Мы чиркаем по уголку Техаса и Оклахомы и въезжаем в Канзас. Скучное место, Канзас – еще одно «сердце Америки», знаменитое своими убийцами и другими простыми тружениками. Но мне что-то не хочется изучать здешнюю жизнь. Я всего-навсего проезжаю мимо, ни во что не вникая, глядя на все изнутри себя – из своей одурманенной головы, вялой и полусонной. Герыч давно уже не подвигает меня на какие-то озарения. Все открытия уже сделаны. Это как мастурбация на сон грядущий. Беспрестанно – то внутрь, то наружу, то в сон, то в явь, – как какой-то придурок, как подопытная обезьяна. Но все-таки наркота помогает мне отрешиться от сиюминутных забот. Мысли блуждают где-то далеко, и я сейчас даже сам себе не доверяю. Я заключен в этом знании: все безнадежно испорчено. Все пропало.

Криссу, похоже, все это изрядно подзаебало. Я это чувствую, и мне плохо. Я не знаю, что делать. Как будто мы были вместе, по-настоящему вместе, а теперь она уходит, бросает меня одного и уносит с собой все, что во мне есть хорошего. Но я хочу, чтобы она была рядом. Хочу быть с ней. Я без нее не могу, но я для нее – всего-навсего паразит.

Дорога несется навстречу. Дорога как бы расщепляется на волокна, и каждая ниточка из гудрона и гравия закручивается спиралью, крошится, растекается расплавленным маревом по безбрежному радиусу пустоты, дробится на атомные частицы и сгущается дымкой на горизонте.

Я теряю все связи с реальностью и с собой. Я знаю: я жалкий и мерзкий обманщик, законченный неудачник, наркоман и урод – таких, как я, надо убивать во младенчестве. У французов особое отношение к идиотизму – они уважают чужую ущербность и даже находят ее обаятельной, если она не задевает тебя напрямую, – и хотя Крисса злится и сердится на меня, она меня все-таки не презирает, но я-то знаю… я знаю… Я хочу развернуться, вывернуться наизнанку, я хочу, чтобы меня распяли, хочу сломя голову броситься в смерть, но я слишком робкий. Меня вообще нет. Мозги у меня покоробились, в голове – туман, все связи распались, восприятие преломилось, я уже ничего не понимаю.

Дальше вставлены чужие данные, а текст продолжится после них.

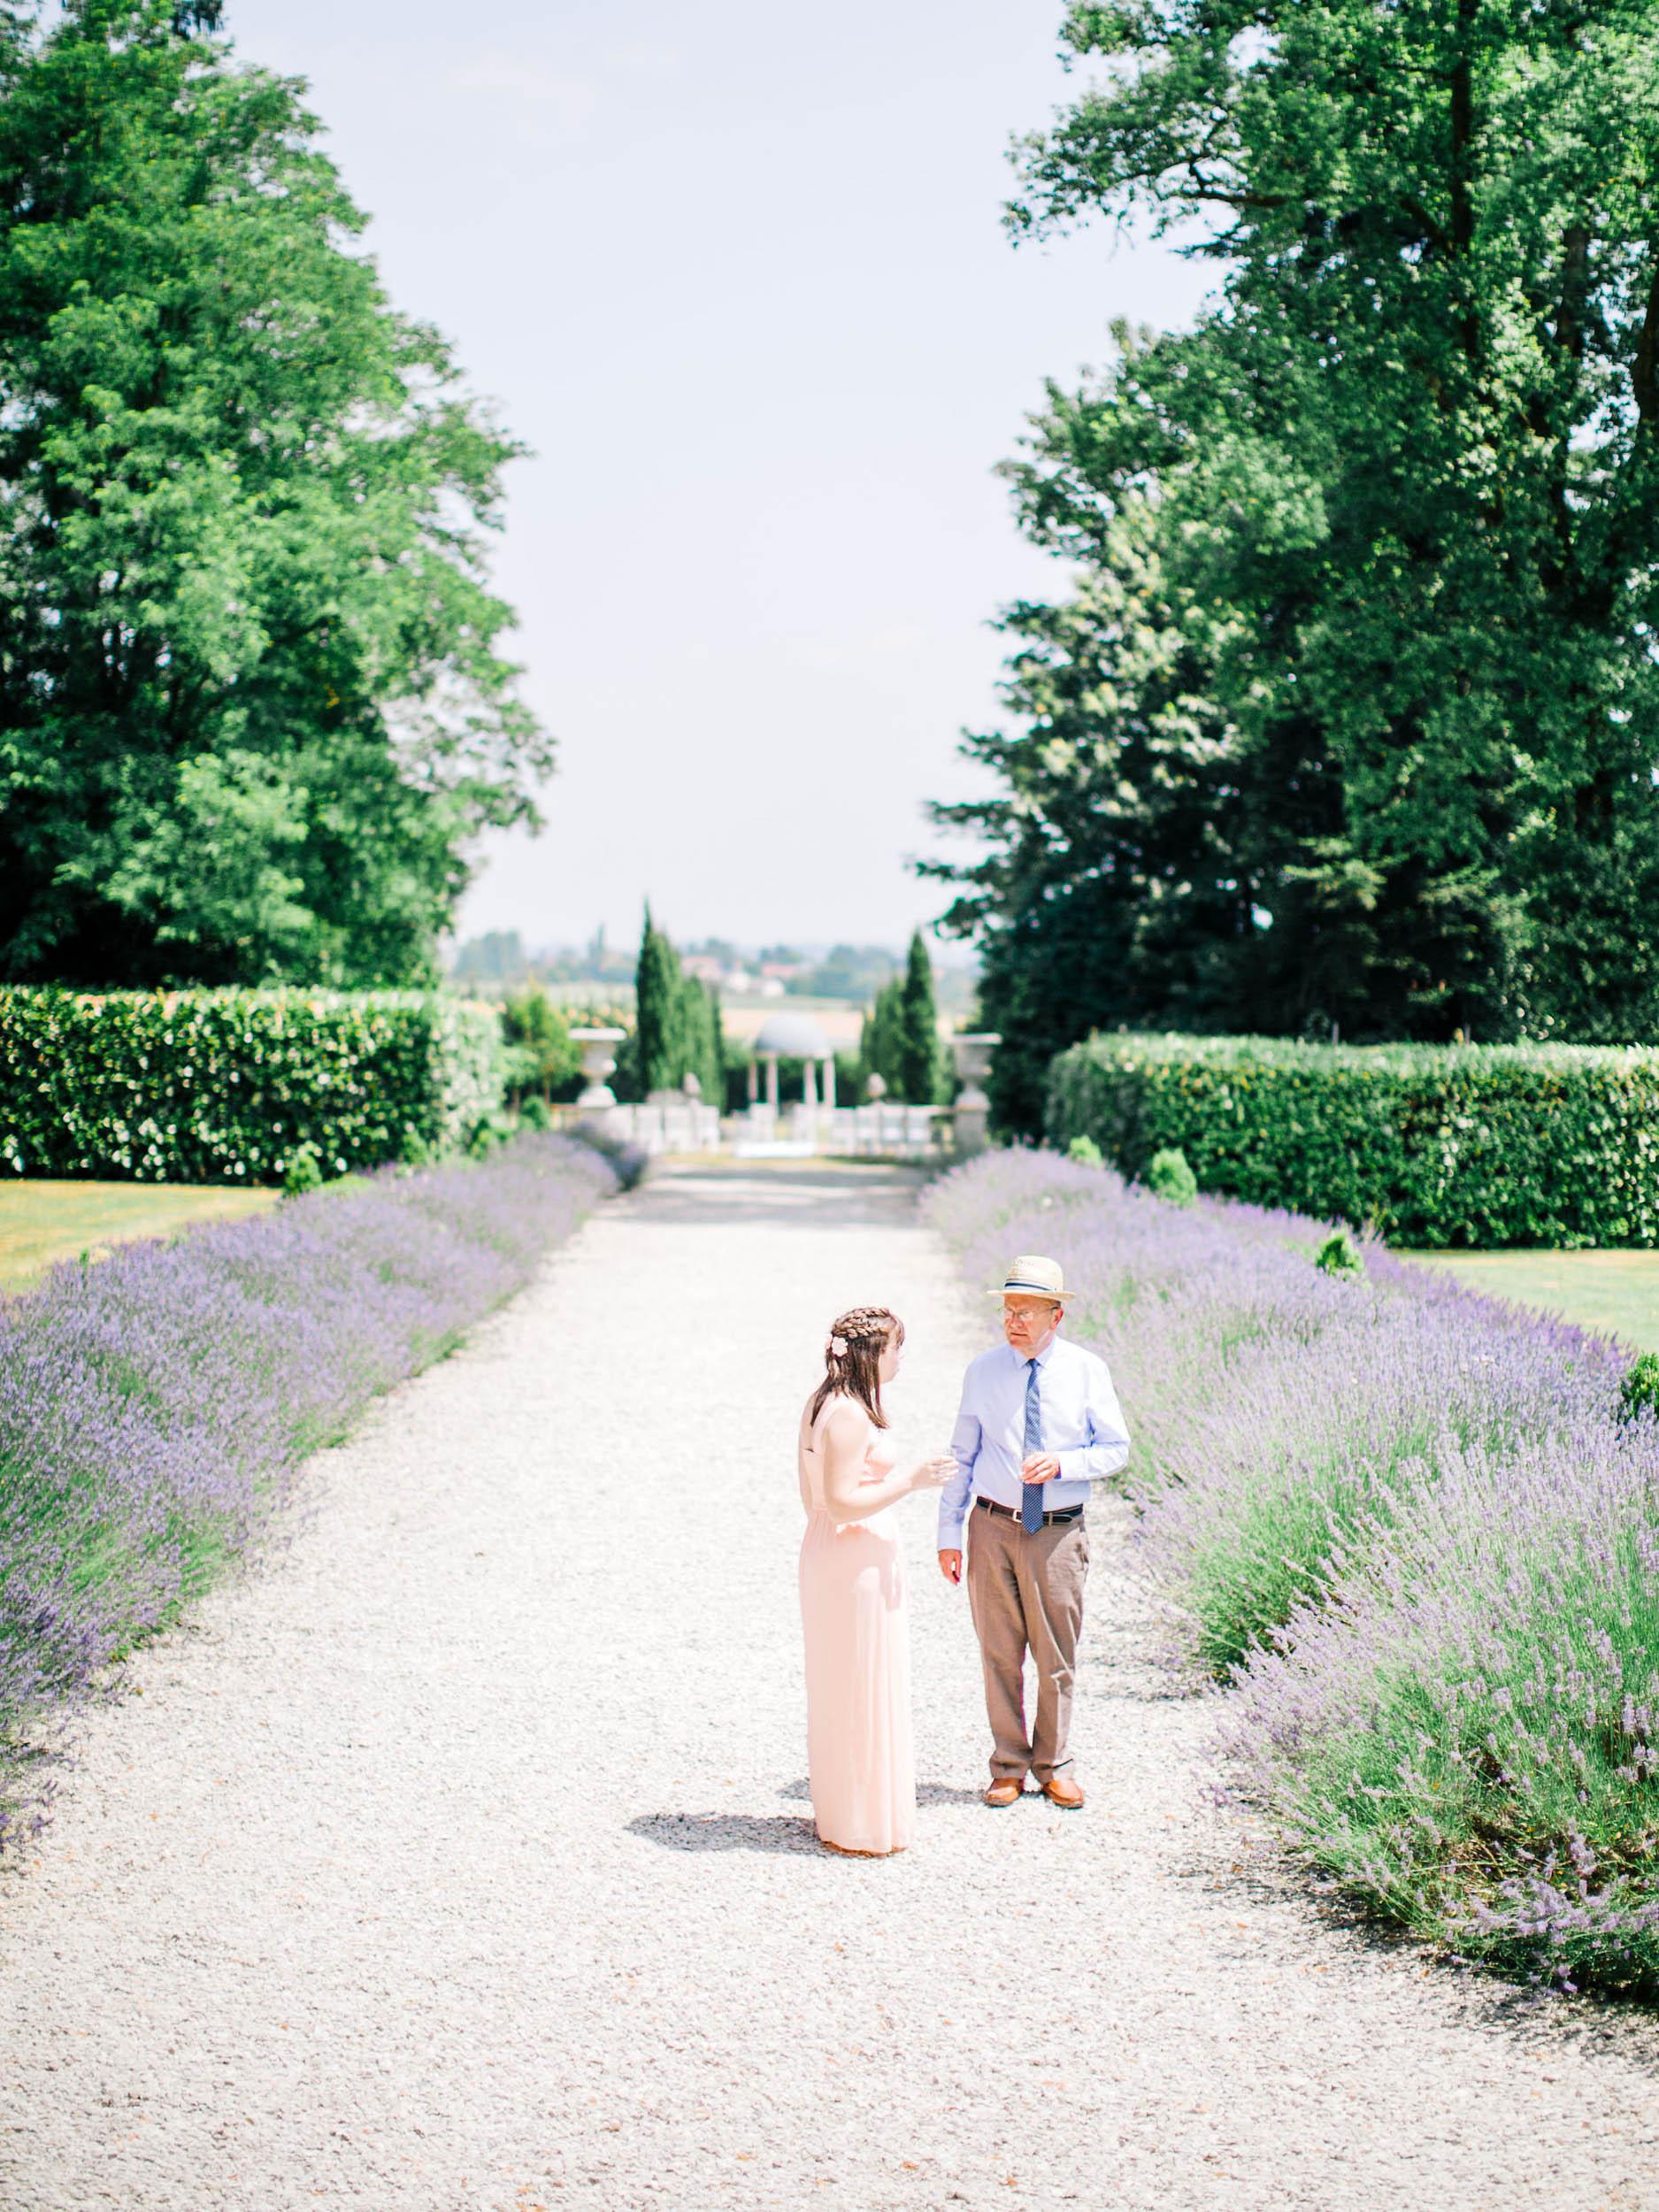 Amy O'Boyle Photography- Destination & UK Fine Art Film Wedding Photographer- Chateau La Durantie Wedding-8.jpg

Господь Бог пытается меня вразумить, но я – заносчивый и надменный, раздражительный и капризный, я говорю, что не обязан выслушивать поучения, и я выхожу не в ту дверь, и Бог окликает меня, чтобы предупредить, а в ответ я кричу оскорбления, а потом я скольжу – ууууух – и встаю на ноги, и иду дальше, в другую сторону, в своем дурацком наряде, и бормочу что-то себе под нос… Я не понимаю, что происходит. Я – где-то не здесь. Может быть, все-таки стоило умереть, чтобы все это стало реальностью? Я уже был в этом странном и зыбком месте. Но давно. Еще до рождения.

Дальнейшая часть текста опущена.